On April 20, the University of California Student Association sponsored the California Statewide Walkout for students to demonstrate against budget cuts and fee increases. Students throughout the UC system, the California State University system and community colleges walked out of their classes at noon to show their discontent regarding the cost, accessibility and quality of education. UC Irvine students gathered at the flagpoles to listen to speeches and sign petitions.
Facing budget cuts, increases in tuition and less funding toward financial aid, students demonstrated to show that they’re frustrated with paying more for their education while still seeing no change in quality.

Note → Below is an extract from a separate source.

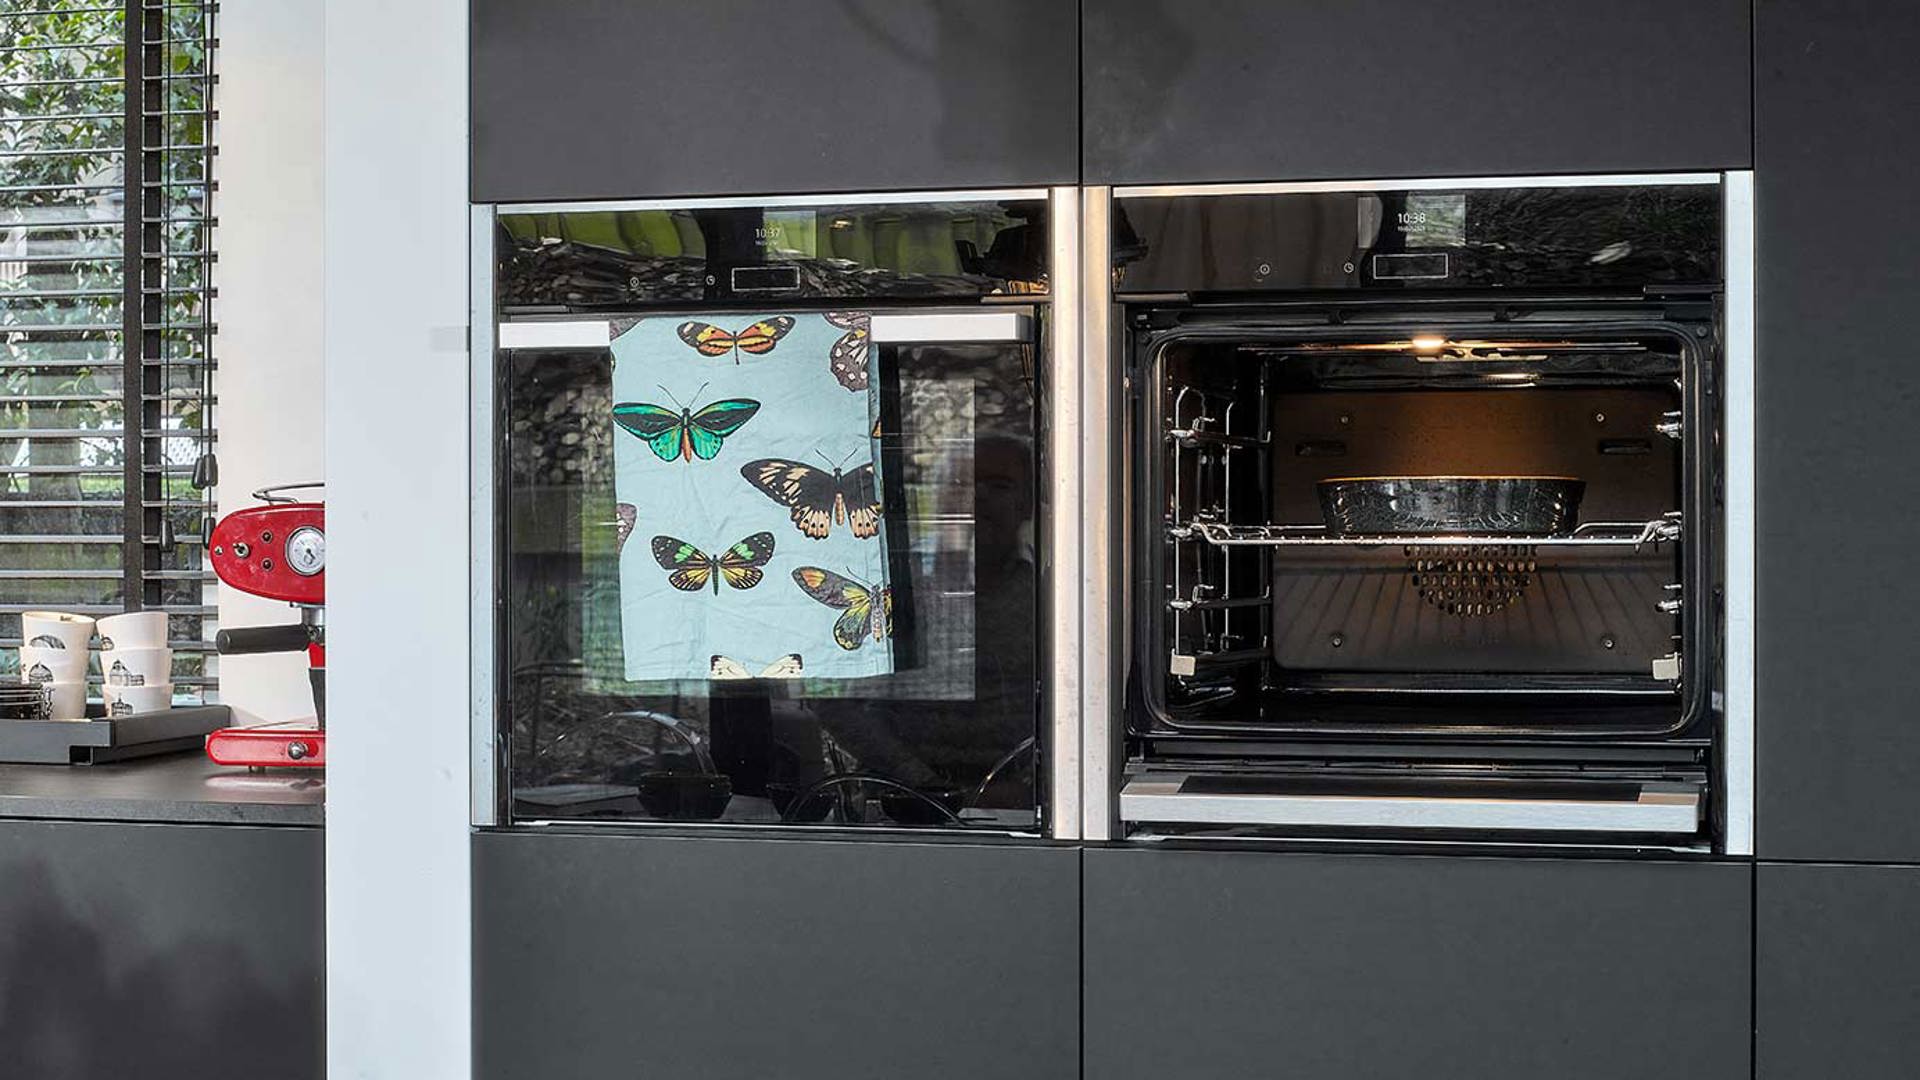 Mat zwarte keuken met eiland Utrecht, ovens

Kristi Soliman, campus organizing director for UCSA, stated her thoughts on the current budget situation.
‘We’re here to show the governor and state legislators that we care and that we’re not going to take the budget cuts,’ Soliman said. ‘We demand no more fee increases and a fully funded financial aid.’

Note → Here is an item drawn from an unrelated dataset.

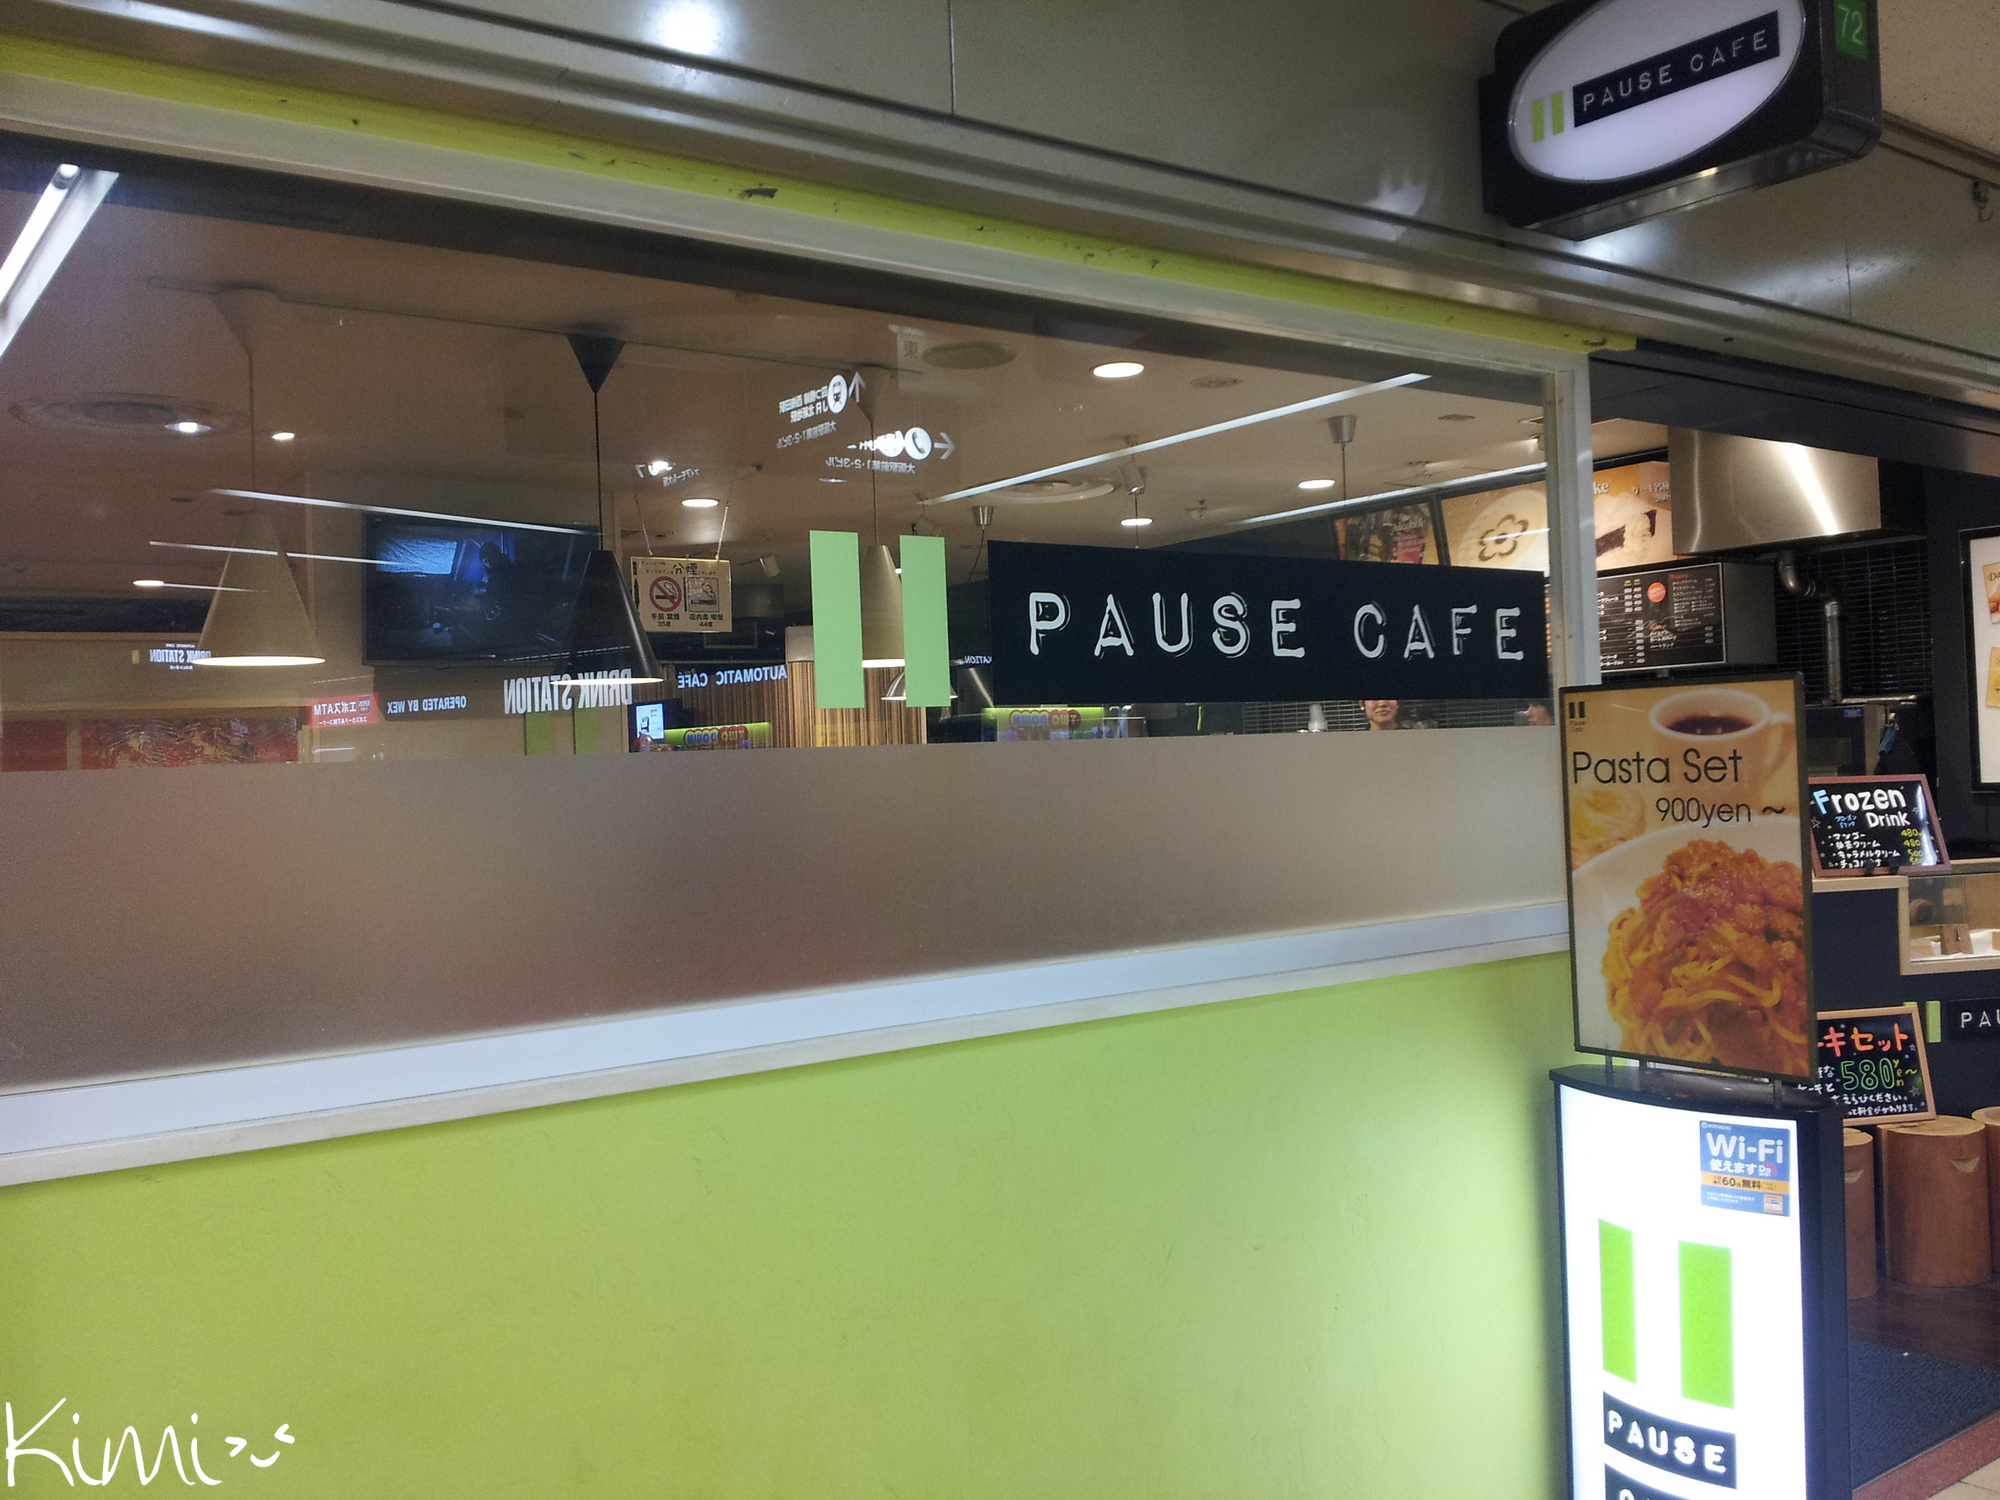 Pause Café, Kyoto

Carlos Feliciano, board chair of UCSA and a third-year criminology, law and society major, expressed his opinions regarding the increased costs of UC tuition and how students can contribute to lower tuition costs.
‘We can’t take it anymore. [The state has] been cutting us and raising our fees every single year,’ Feliciano said. ‘Last year the state raised our fees 14 percent, this year 8 percent. We have to stand up, we have to do something. Sign the petition, get out there and talk to your politicians. They need to represent you, they need to support higher education. We can make a difference if we all work together.’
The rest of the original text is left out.